Sua entrevista com os oficiais do governo estava marcada para as oito horas, na sala de sua casa. A mãe já prepara o chá, que era um sinal de que eles estavam para chegar. Mia estremeceu, entrelaçando os dedos nervosamente. Mordia os lábios sem parar. Era uma das coisas que fazia quando estava apreensiva.

As canecas velhas, coloridas e redondas foram postas à mesa no exato momento em que a campainha soou. A mãe foi atender a porta, enquanto Mia ouvia Ethan dizer que tudo iria dar certo. Ouviu o som dos passos pesados dos oficiais adentrando a residência e não pôde deixar de sentir o estômago dar um salto.

– Ah, sejam bem-vindos – a mãe cumprimentou. – Sentem-se. A minha filha já vem com o chá.

Esse era o sinal para que a filha entrasse na sala, levando consigo a única bandeja de vidro da casa. Nela estava uma garrafa térmica que fora de sua avó, de metal e borracha. Mia, então, abriu a porta cuidadosamente e avistou os três oficiais sentados à mesa pobre, que estava disfarçada com uma toalha limpa.

Quando um dos oficiais virou o pescoço para observar Mia, ela descuidou-se da bandeja e deixou-a cair no chão, quebrando o vidro e provocando um barulho agudo.
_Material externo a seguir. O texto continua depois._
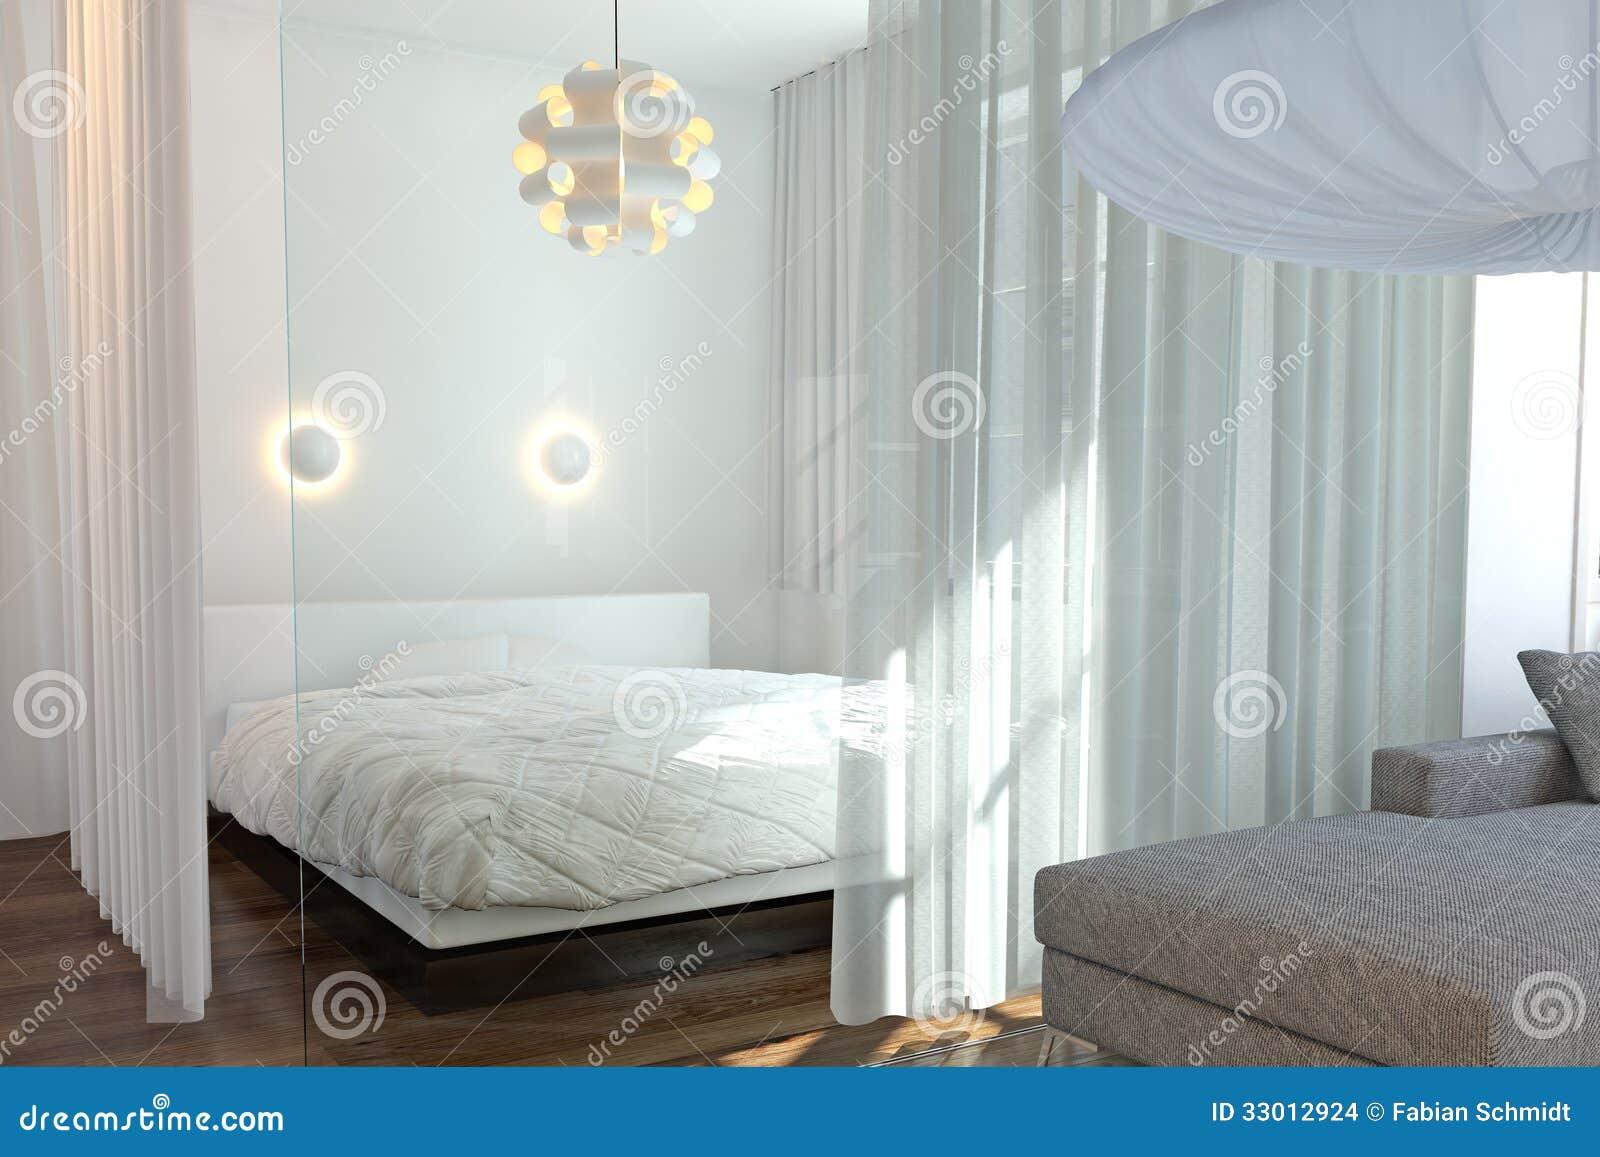 Bagno In Camera Con Vetrata : Camera da letto moderna con la parete di vetro illustrazione di

Um dos oficiais era o homem careca do mercado, com seu nariz curvado e as sobrancelhas grossas, que estavam franzidas para a garota. Ele agora usava o uniforme do governo e sorria como se tivesse encontrado algo valioso.

Mia quase podia ouvi-lo sussurrar. Eu sei o que você fez. Ela engoliu em seco, novamente com aquele pressentimento ruim. Você vai pagar.